With around 200,000 people relocating to Dubai each year, meeting people and making friends is a priority for most newcomers. For the Irish, this mission is made much easier with the spread of Gaelic football.
Also referred to as GAA after the founding sports authority, the Gaelic Athletic Association, Irish football is played on a grass pitch with a heavy round ball, rugby-style H-shaped goalposts and two teams of 15 players. That's more than in soccer, which features 11 players a side, and it's a case of "the more, the merrier". In Dubai, teams aren't restricted to Irish players.
"A lot of different cultures and countries come and get involved in the sport," says Dubai-based GAA player Cliodhna Lafferty. "We've had players from Scotland, South Africa, Germany, America… We actually have a guy who plays really competitively on our top team from the States."

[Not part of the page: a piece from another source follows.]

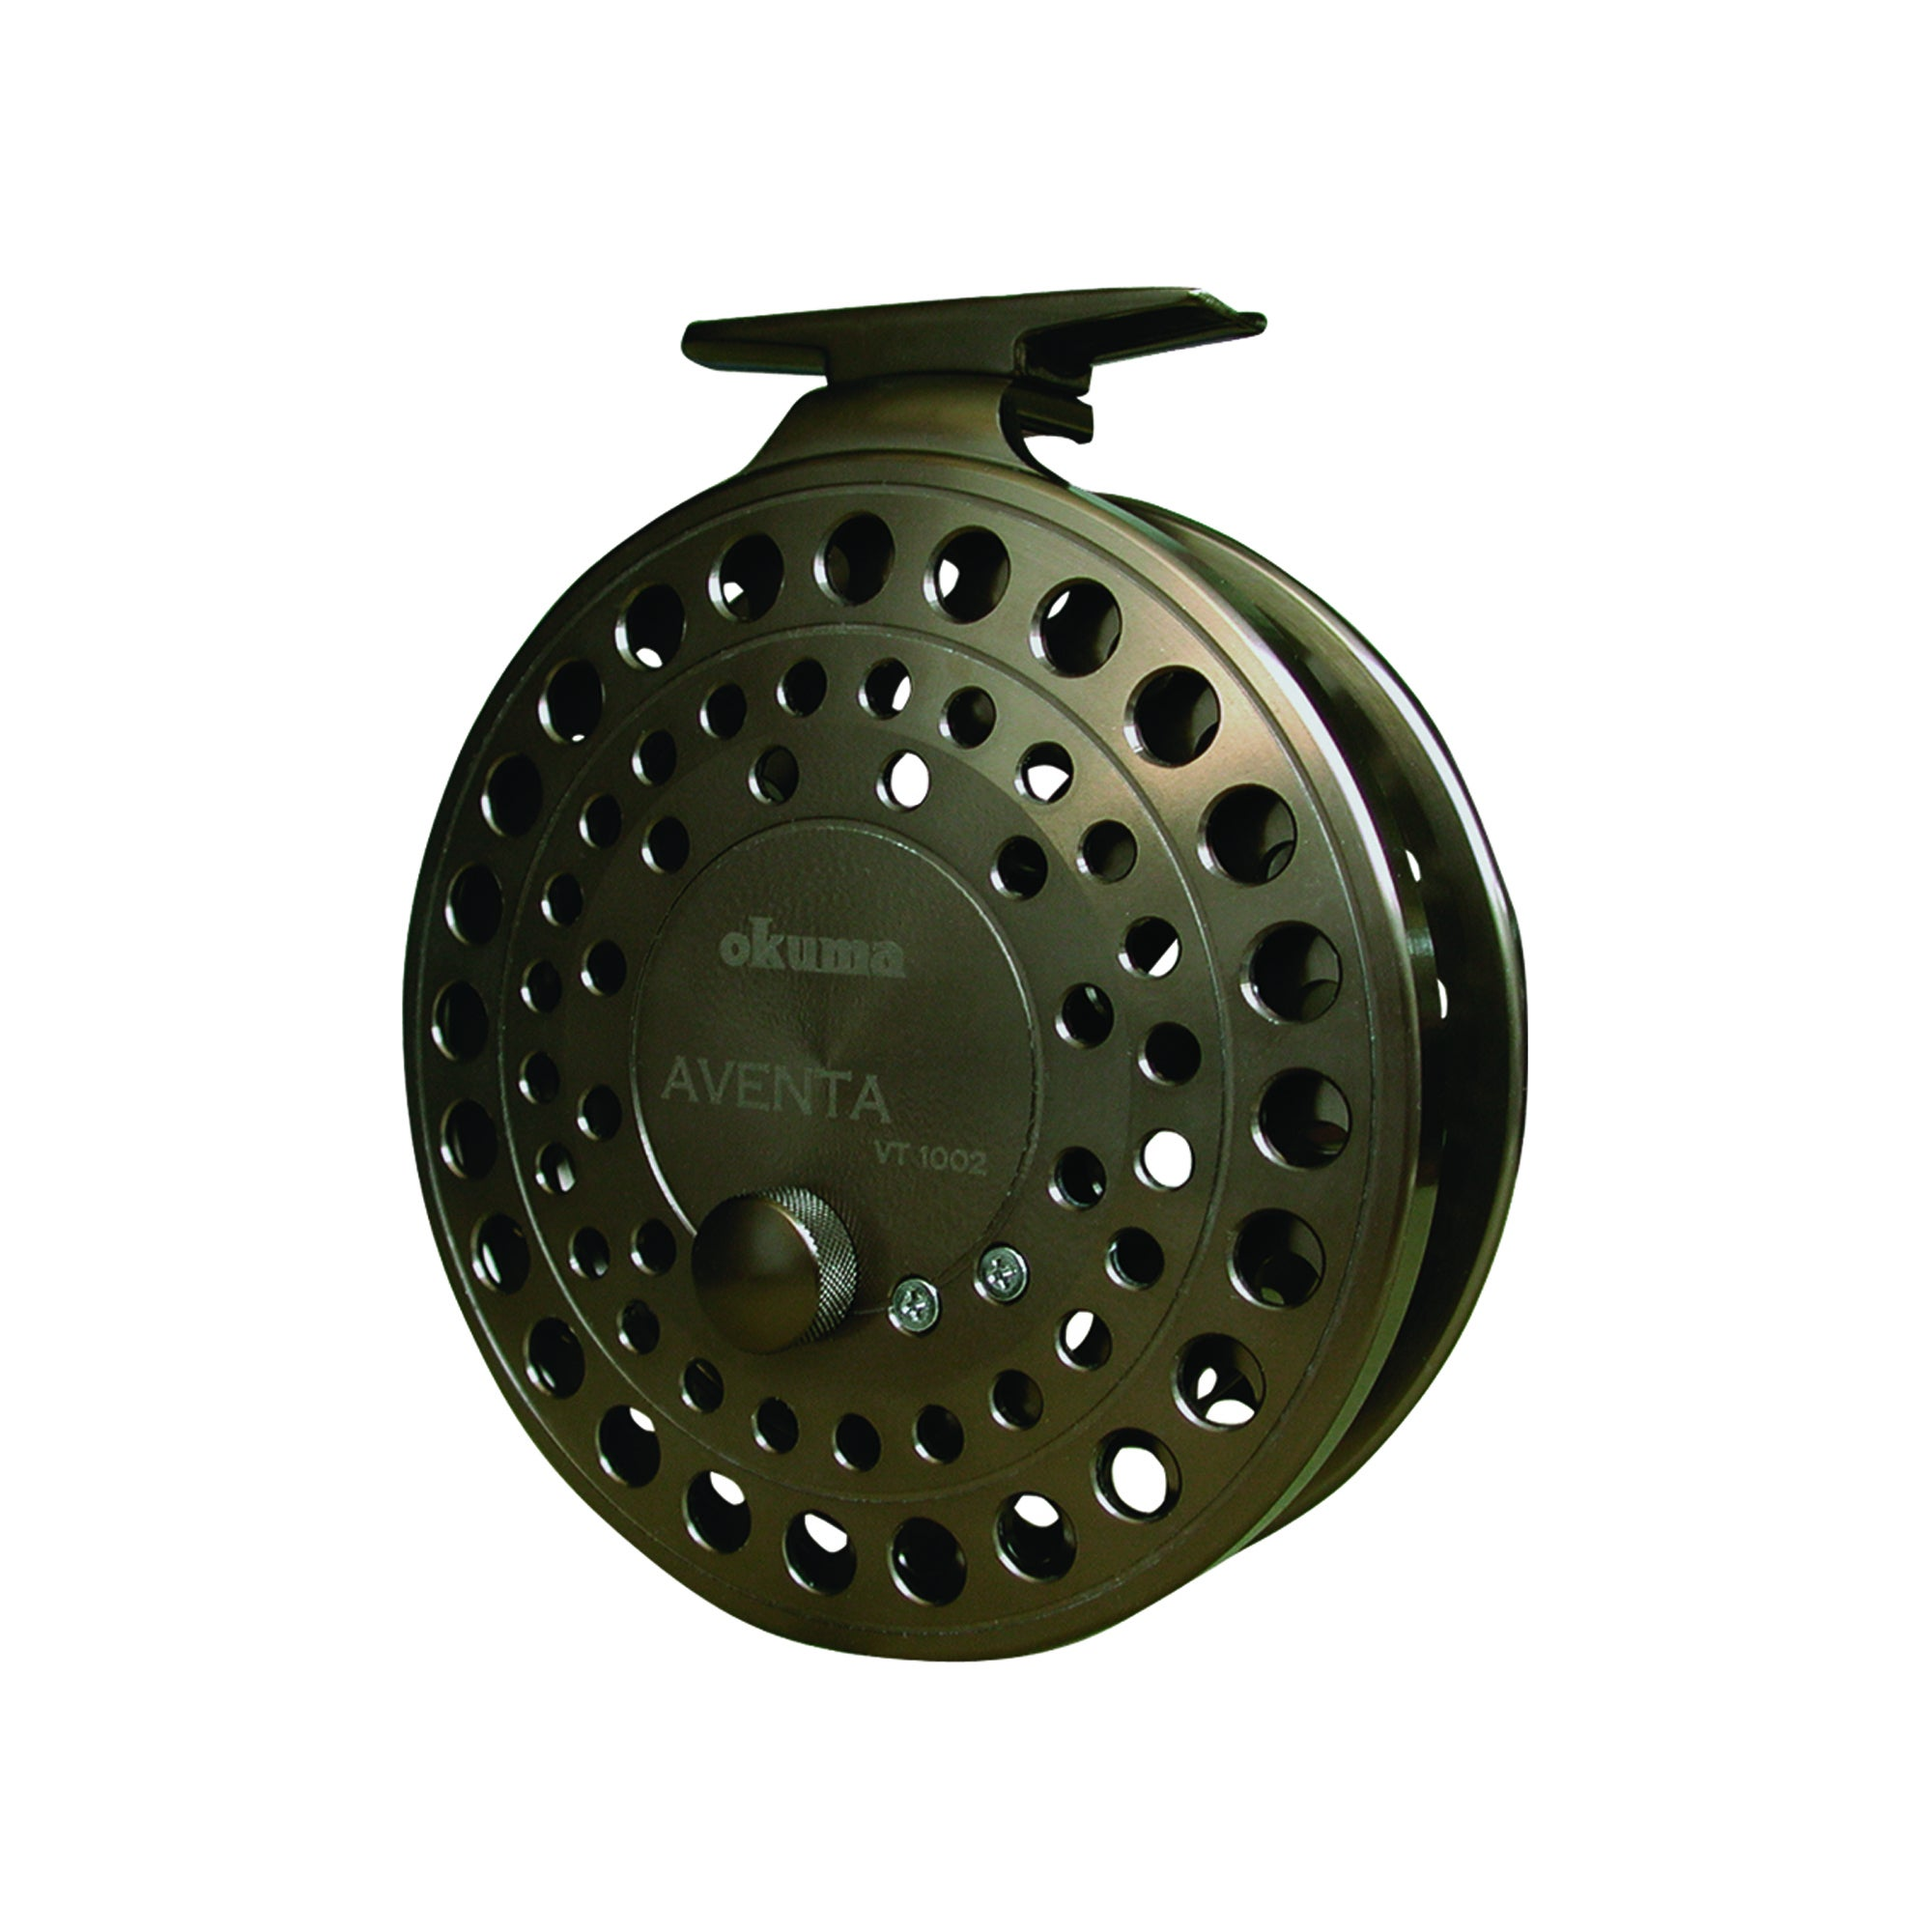 "Aventa Float Reel 13-inch 2BB (13"", bronze) thumbnail"
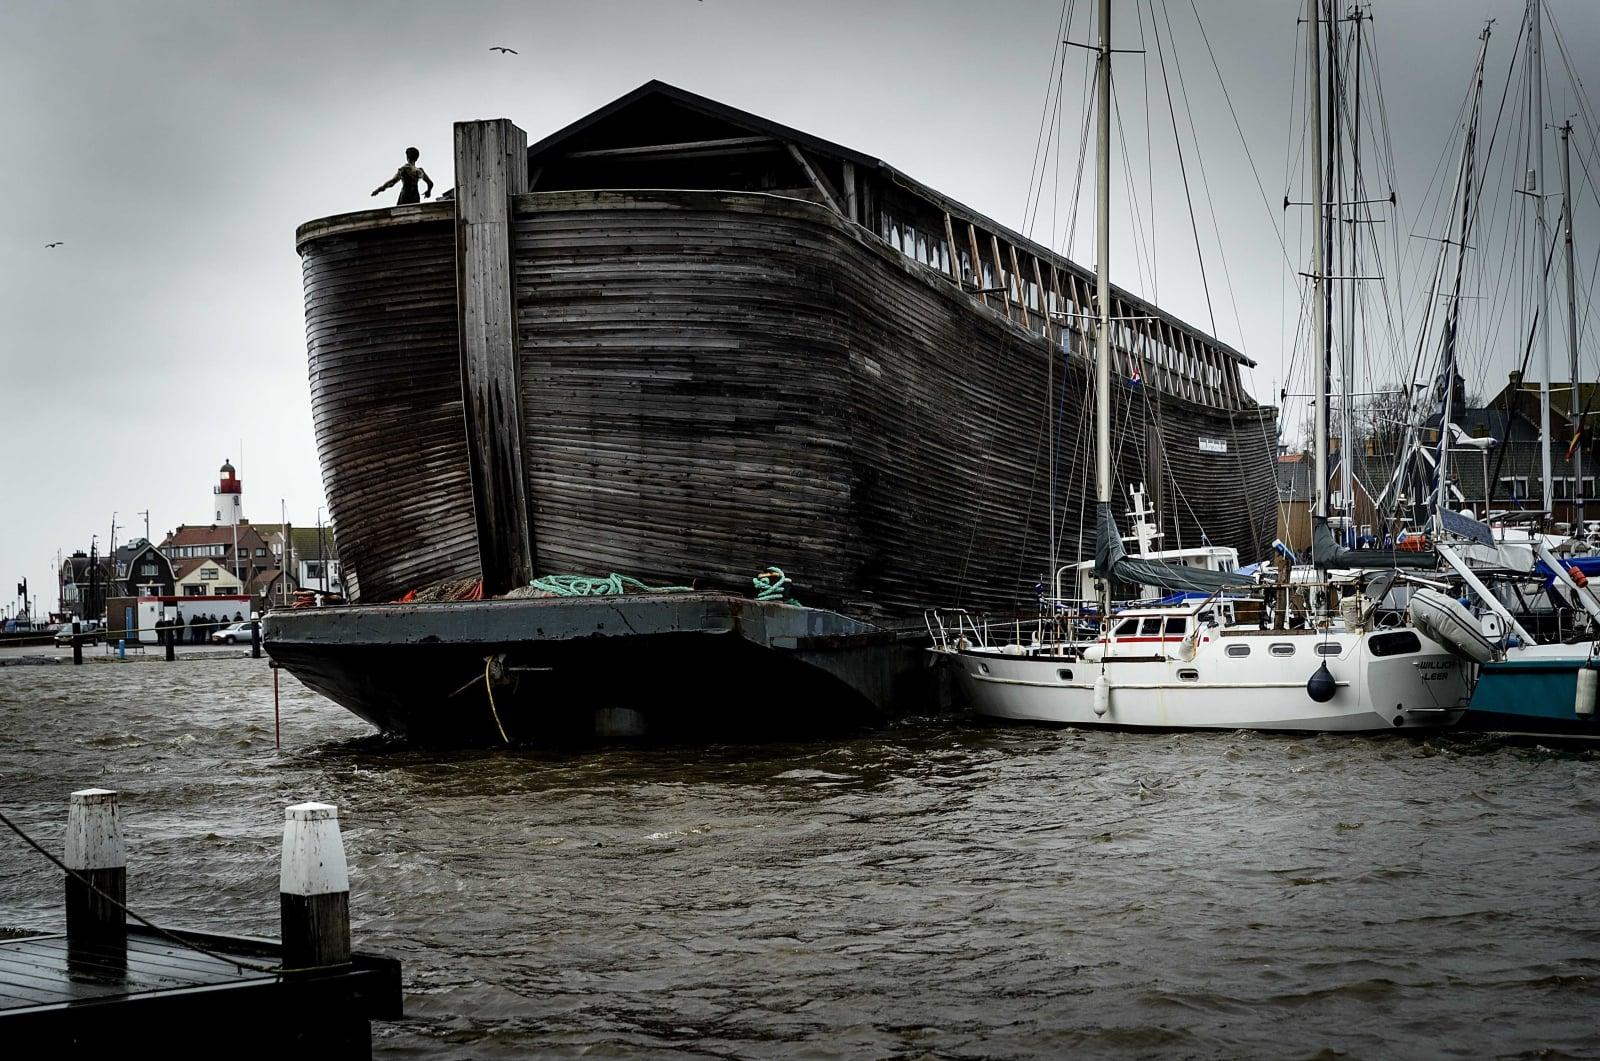 Sztorm w Holandii EPA/ROBIN VAN LONKHUIJSEN

The melting pot mix of players is part of the appeal for Lafferty. "I know for me, when I first moved to Dubai, [Gaelic football] was my way of making friends," she says. "Really, there's a great sense of community, and oftentimes people will get involved purely for the social aspect of it, and then they'll get sucked into the game. I would say it's equal parts social and competition for a lot of people in the Middle East."
Whatever the draw, the sport's popularity is growing in the region and beyond.
"Gaelic football is happening in huge numbers crossed across the region," says GAA player Robbie Corcoran. "We actually did a player census last year, just to get a kind of gauge where it was in Ireland and globally and the spread of countries was just phenomenal."
In Dubai alone, the GAA division features more than 100 teams, and events are well attended. Corcoran commented on GAA's most recent Dubai games: "We had 10 men's teams and eight ladies' teams, so 18 in total from across both divisions – ladies' and men's. All clubs are keen to get new members in, of course, and everybody is always recruiting."
Seemingly, recruitment can be even more combative than the sport on the pitch with organisers forever keen to recruit more players.
Corcoran admits: "The recruitment can be quite competitive at times."